Work task >>
Exactly reproduce the lines from the one containing "Meyer 24cm Cast" through the last line of the data, both ends included, leaving out pictures.

──────── Data provided

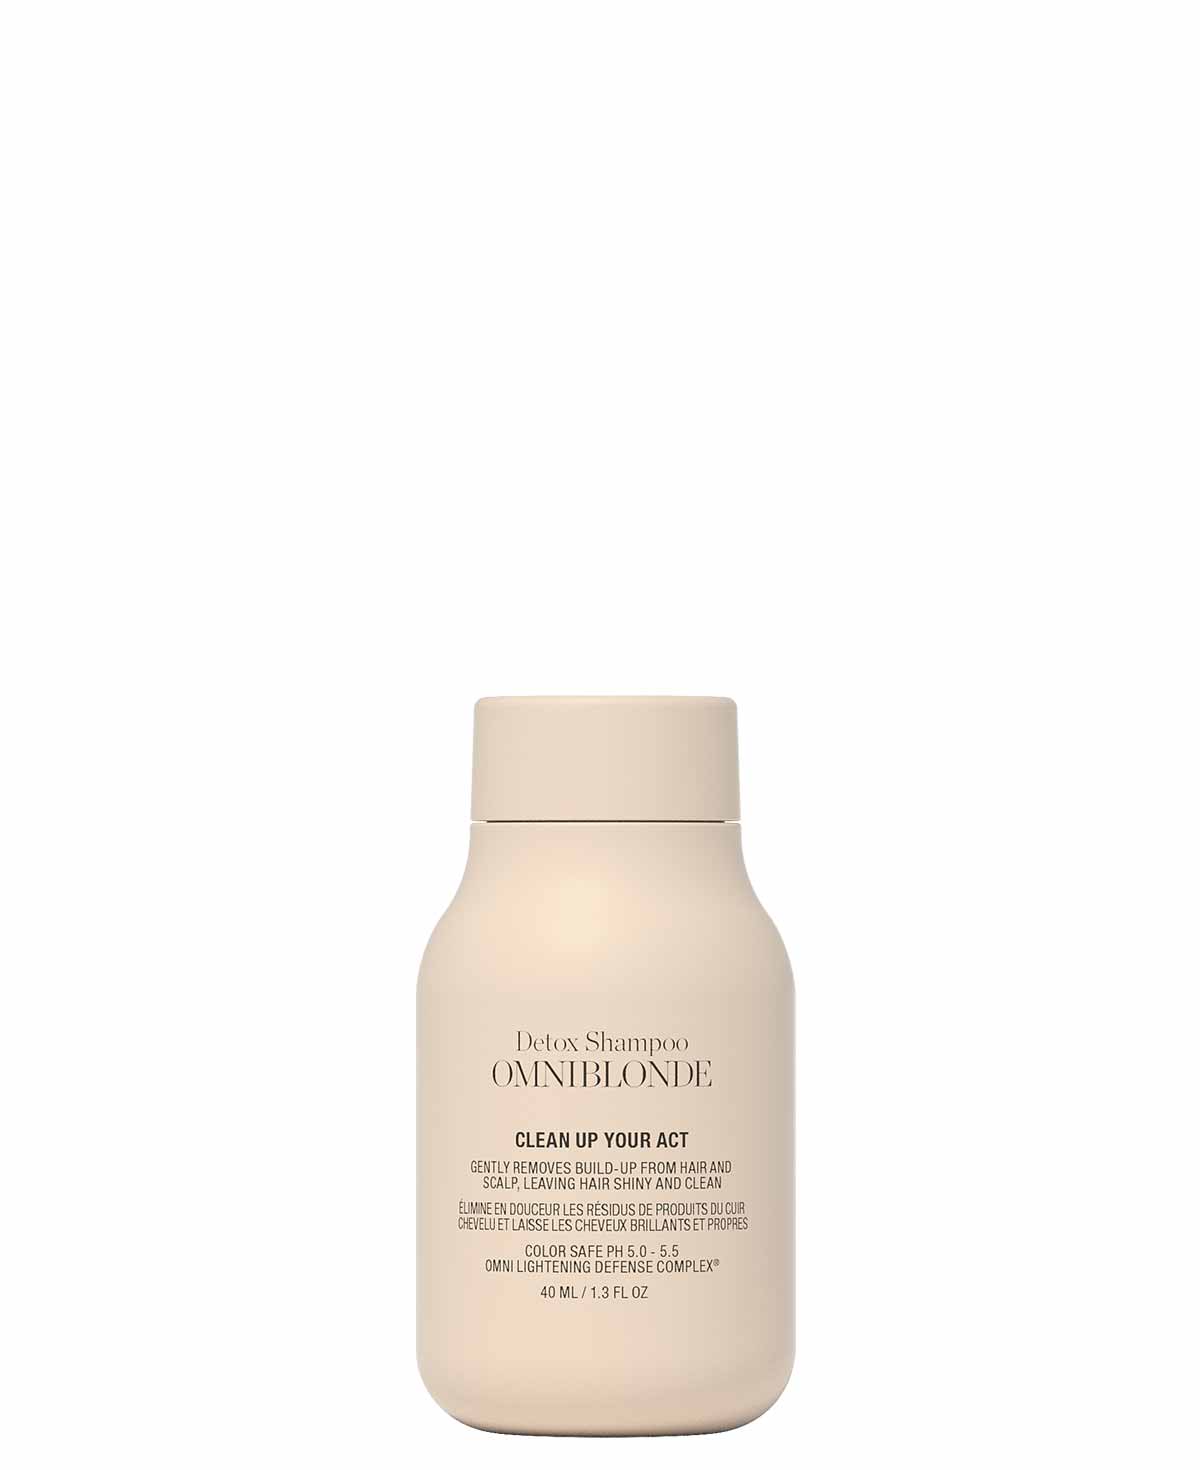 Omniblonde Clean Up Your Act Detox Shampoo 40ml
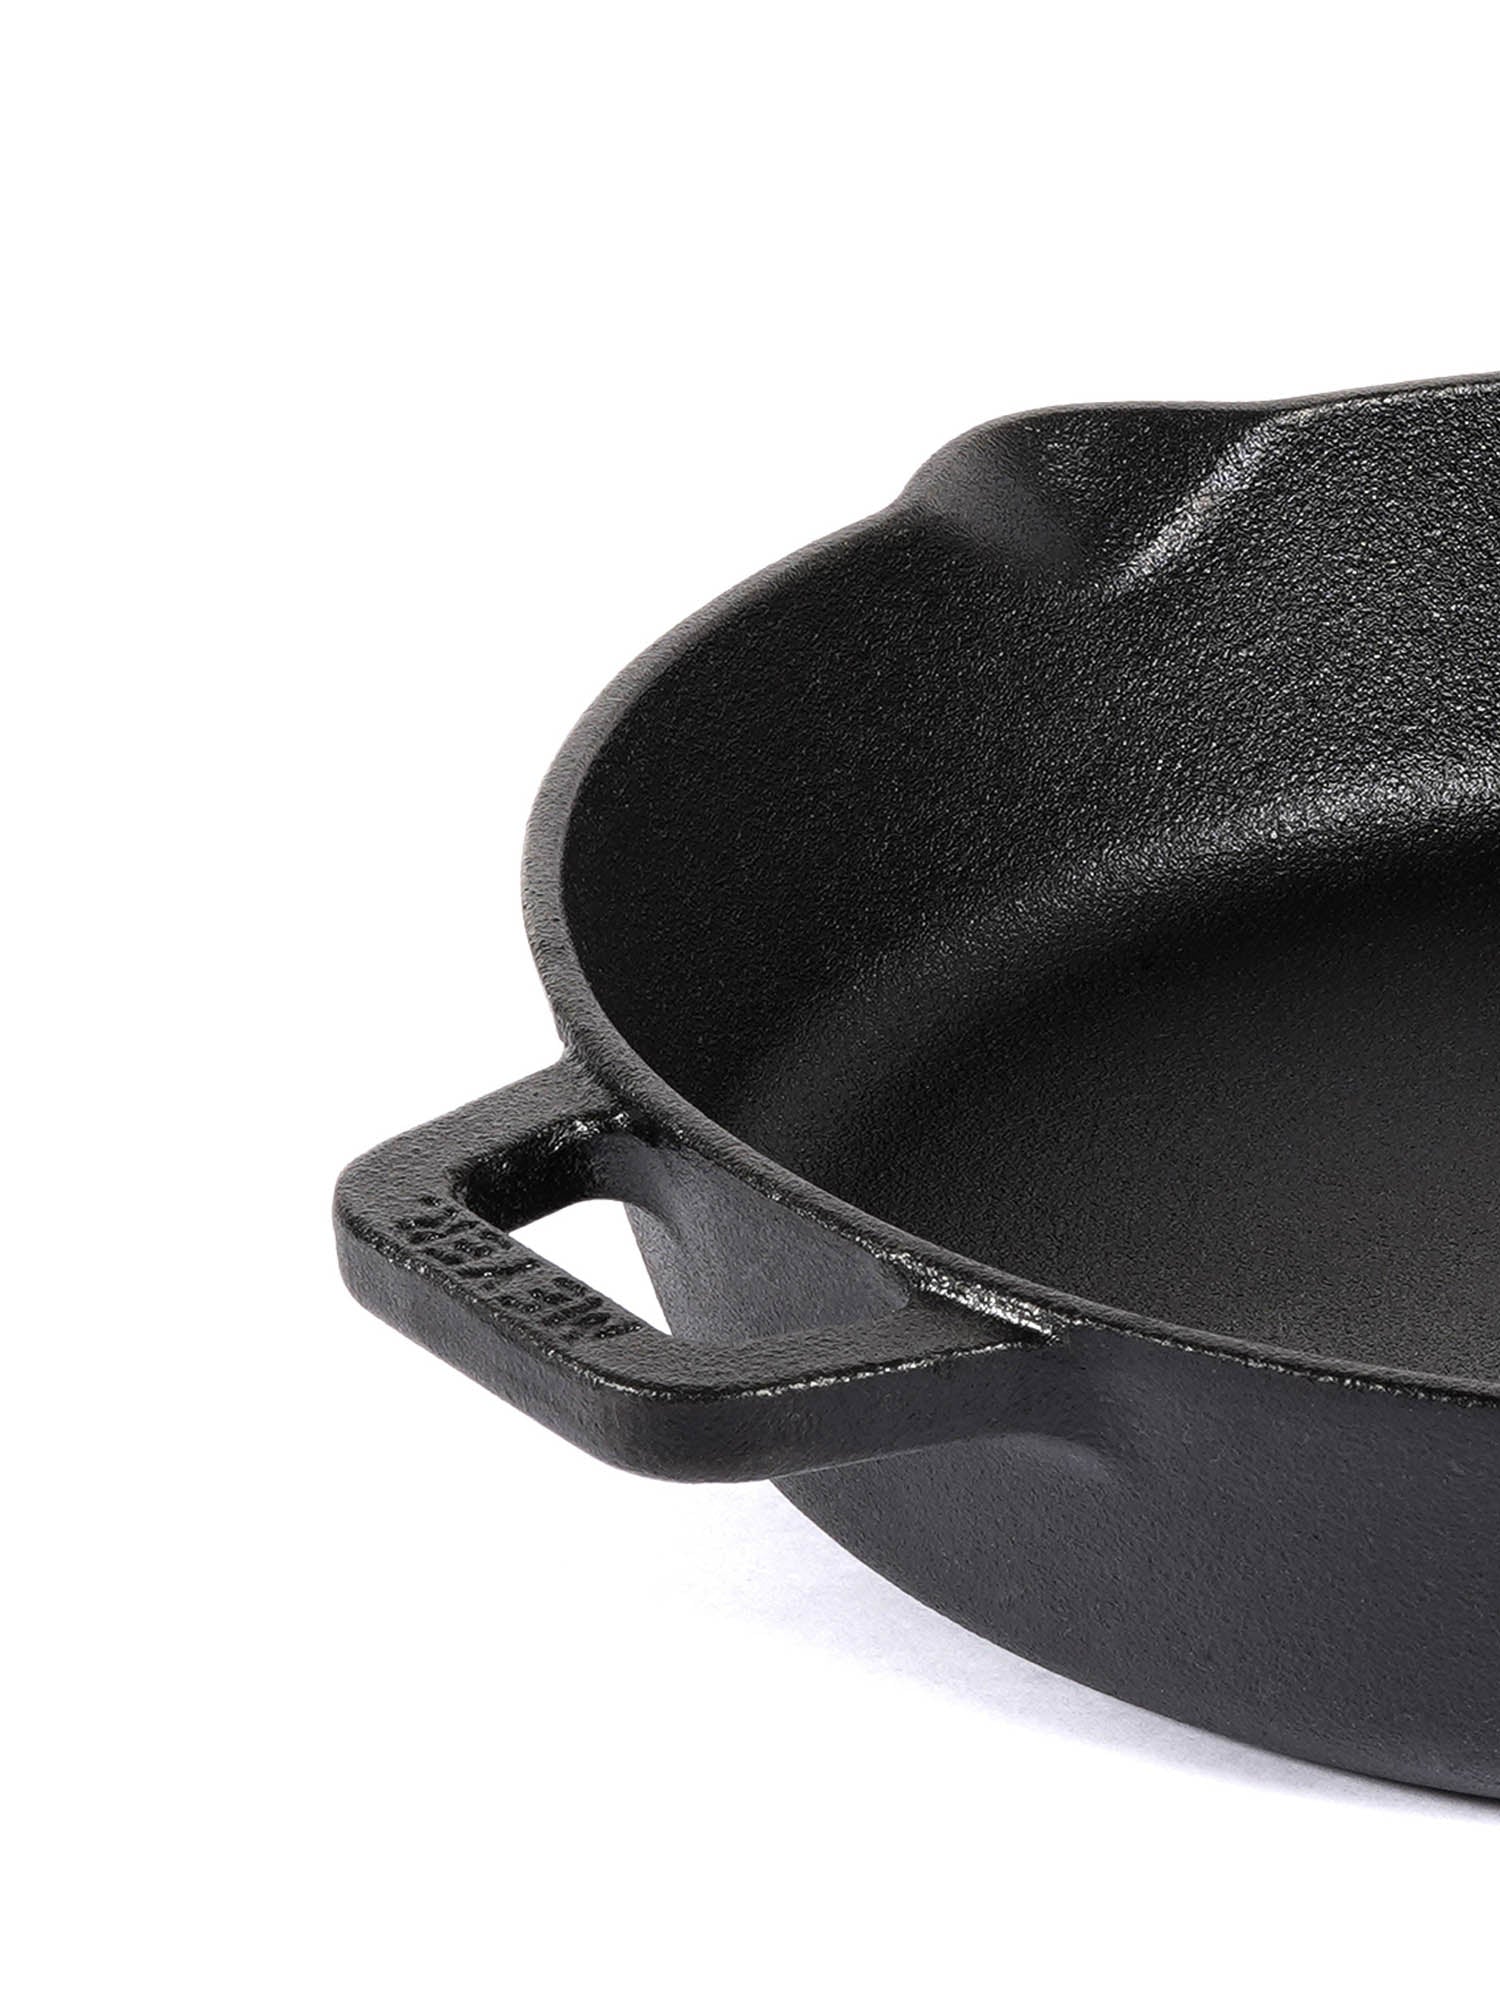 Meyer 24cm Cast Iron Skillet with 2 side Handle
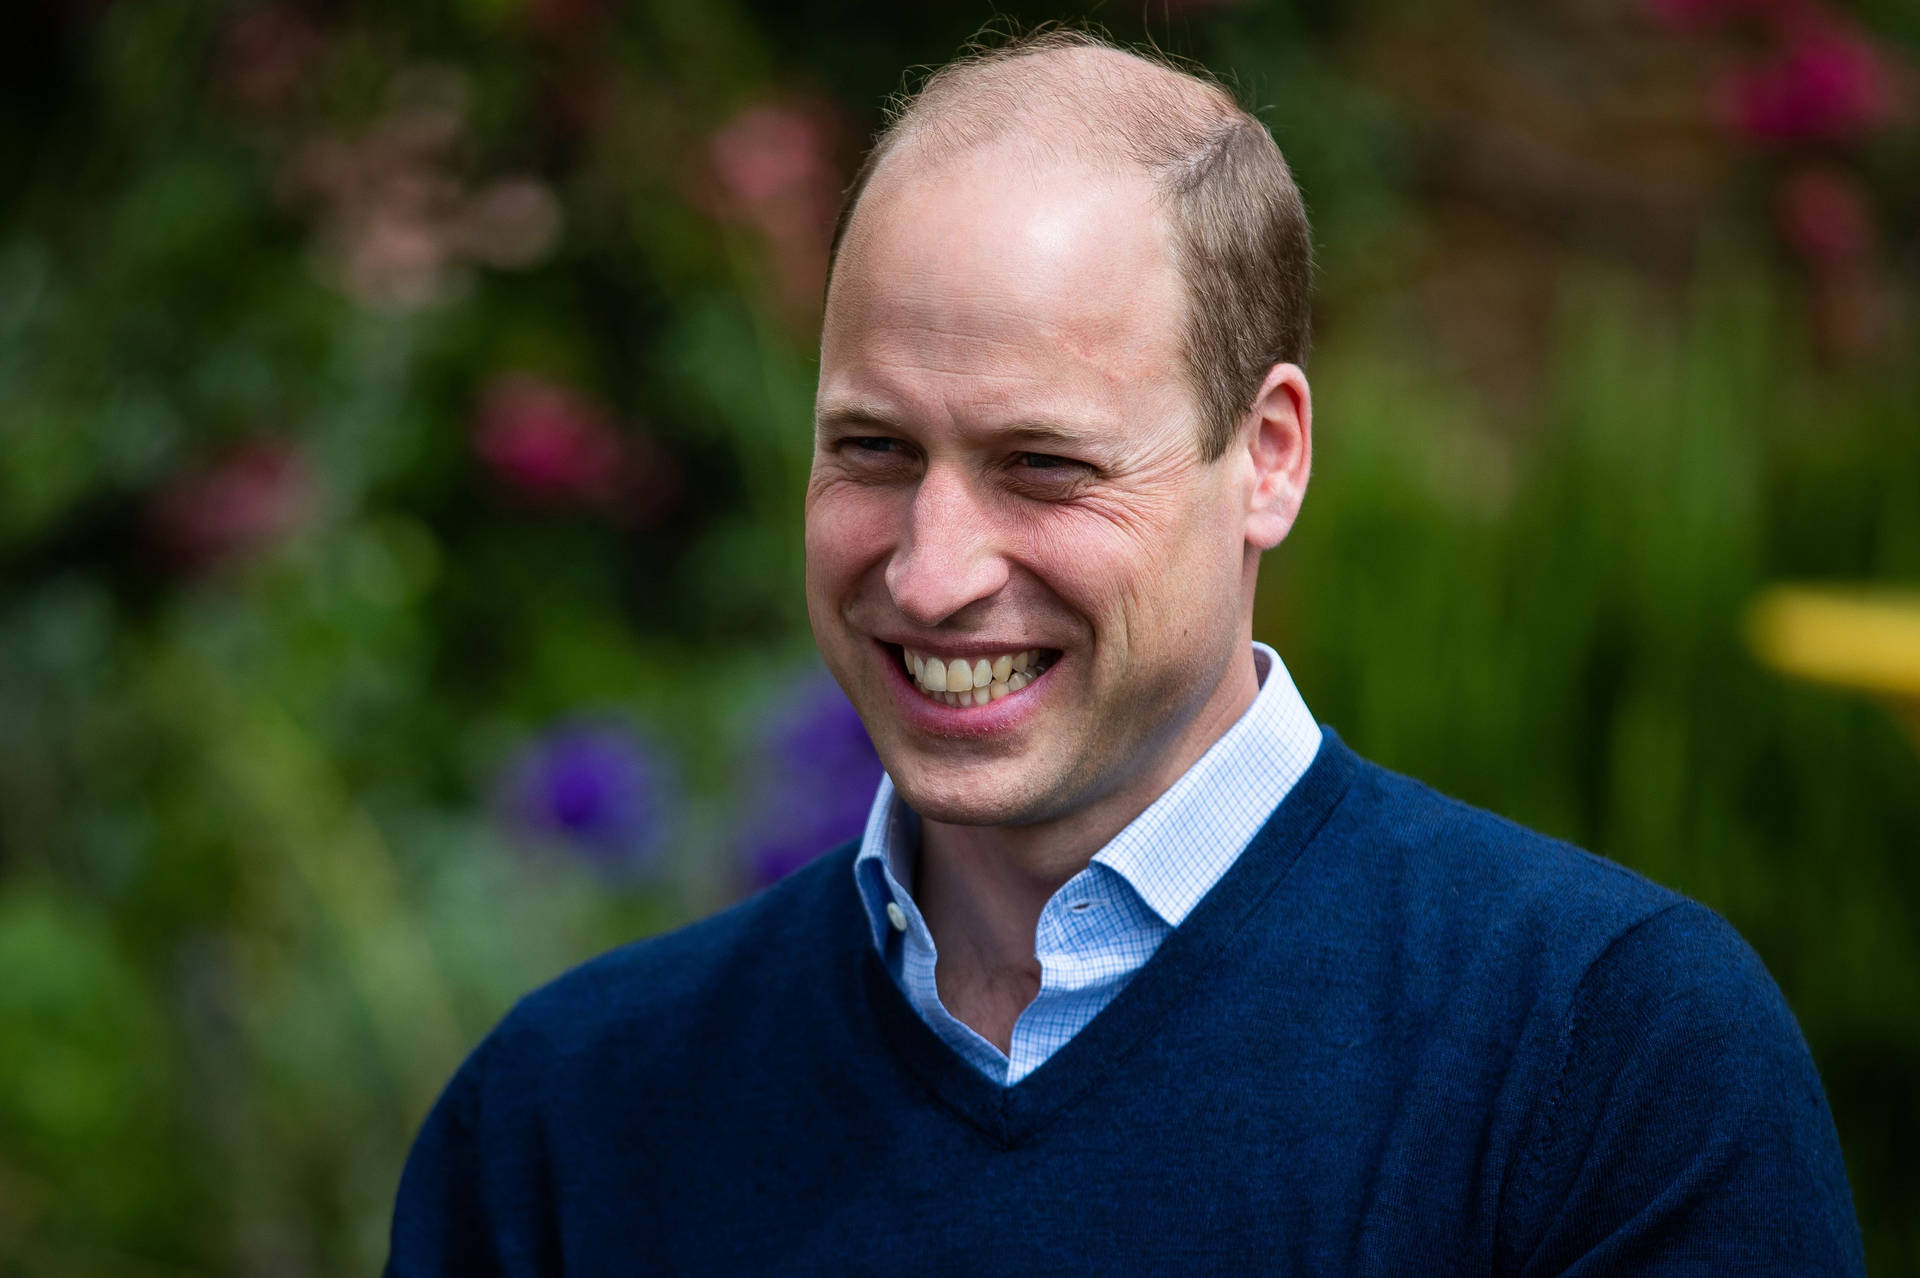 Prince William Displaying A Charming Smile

────────────────

Response below >>
 Meyer 24cm Cast Iron Skillet with 2 side Handle
 Prince William Displaying A Charming Smile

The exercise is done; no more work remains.